Often the road got so steep that they had to dismount and run beside the machines, and as they were sliding down one hair-raising slope with their back wheels locked, they came upon a young couple in a Cadillac stuck fast on a tree stump.

They got it free, but the hill was so steep the fuel couldn’t make it up to the carburettor, but not to be beaten, the resourceful Bob blew into the top of the fuel tank, his face slowly turning the colour of a beetroot, while the driver cranked the starter handle until the engine spluttered then fired into life and settled down into a steady rhythm.

The grateful couple gave the riders six eggs, a small can of baked beans, an even smaller can of condensed cream, a little bread, sugar and coffee, and a pail to cook it in, and since by now it was growing dark and they were still in the heart of the mountains, they found a grassy spot near a crystal stream, and while Clancy cooked up a feast in the pail, Bob made a bed of weeds and leaves between the Hendersons, they wrapped themselves in their blankets and, with strange sounds from the woods all around and lightning crackling overhead, finally fell asleep just before the grey light of dawn woke them again.

At 5am, tired and hungry, they fired up the Hendersons and set off on roads which, impossibly, were even worse than the day before.

A ferry carried them across the raging Pitt River, and halfway up the next mountain, Clancy’s Henderson ground to a halt with a dry and slipping clutch.

He greased it with oil from his tank, but the clutch was so worn and the track so steep that he could only push the Henderson up it in the fierce sun, stopping when he was so exhausted he couldn’t hold the bike upright and resting until he could try again.

It took him 20 attempts and two exhausting hours to get up that one hill, and there were a dozen more beyond.

“If ever a man was bitter against motorcycling, it was I and then,” he wept, so worn out with heat and exhaustion that he was close to flinging himself in despair onto the rocks below when a Good Samaritan with a two-horse team towed him up the last slope to find Bob, who had stormed ahead with his new 8hp machine, sitting cool and collected and full of wild strawberries.

Clancy, presumably too exhausted to strangle him, collapsed beside him and, when he had the strength to lift his head, realised for the first time the extraordinary beauty around them.

Silver waterfalls tinkled to the ravines far below, piney summits strode to the horizon, and in between, the so-called Pacific Highway threaded its way through the virgin wood.

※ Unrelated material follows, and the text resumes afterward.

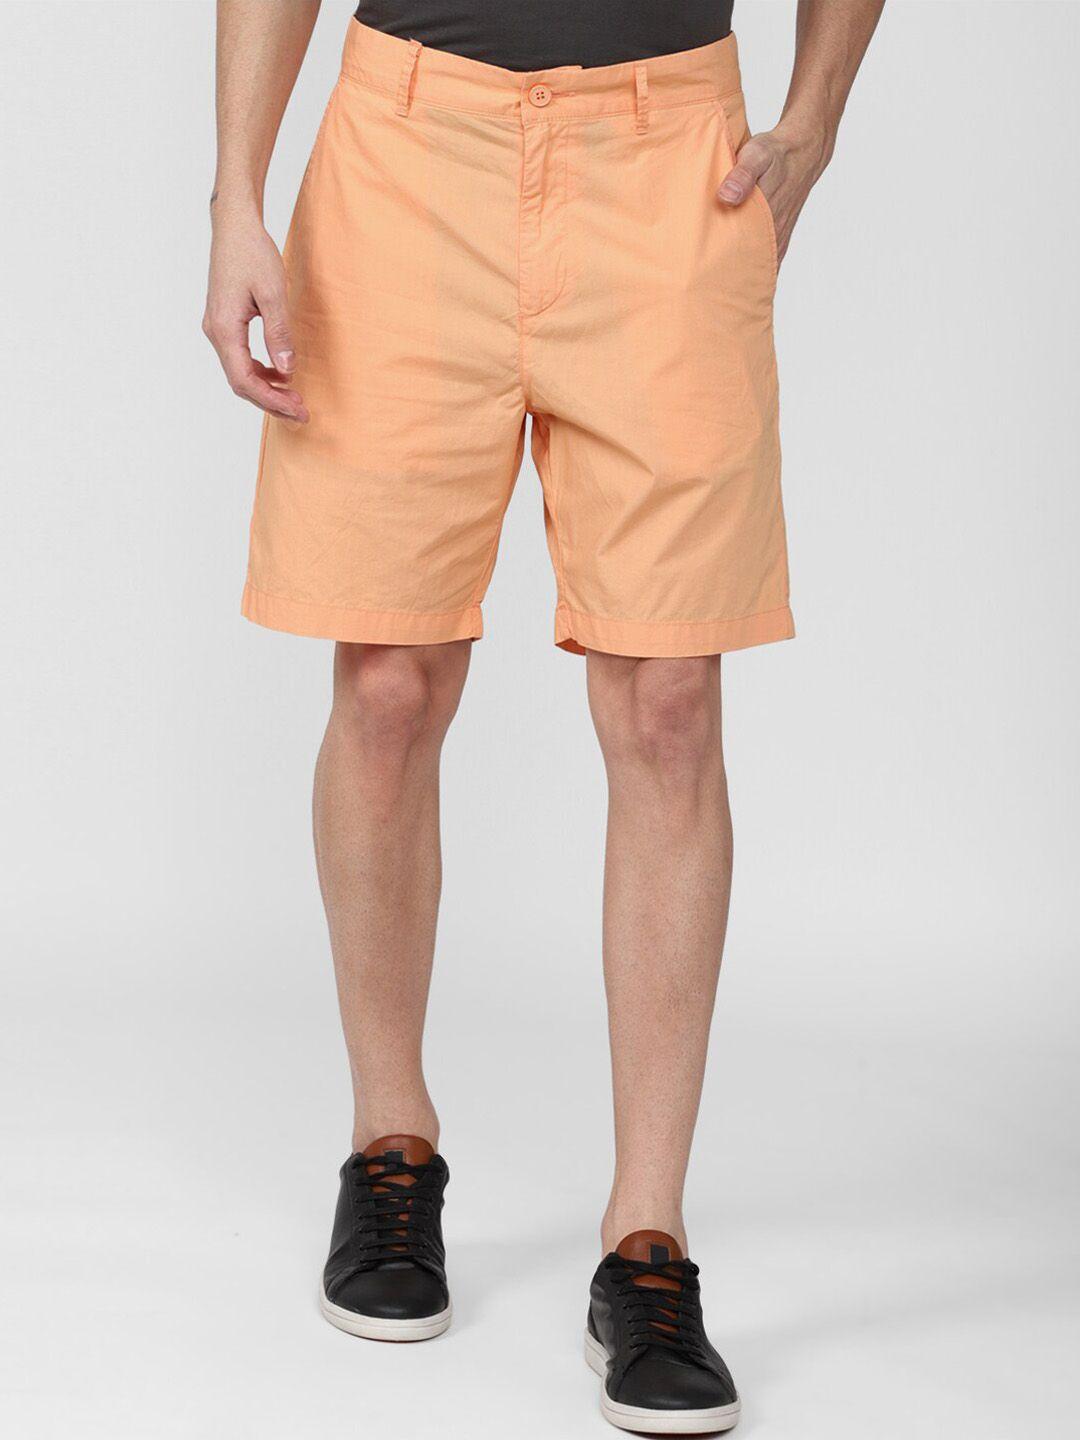 forever-21-men-orange-shorts

They were further cheered by six miles of fairly good road, but it was only playing with them, for it soon returned to water, rocks, mud and hairpins, and they were exhausted as they staggered into the lumber town and summer resort of Dunsmuir.

A busy railroad hub back then, today it is a village of sleepy clapboard houses whose residents are slowly getting older and popping their clogs, and a solitary café where we tucked into ice cream on the verandah.

“Bought this place on a whim years ago,” said the owner. “Best way to get a minimum wage from maximum work.”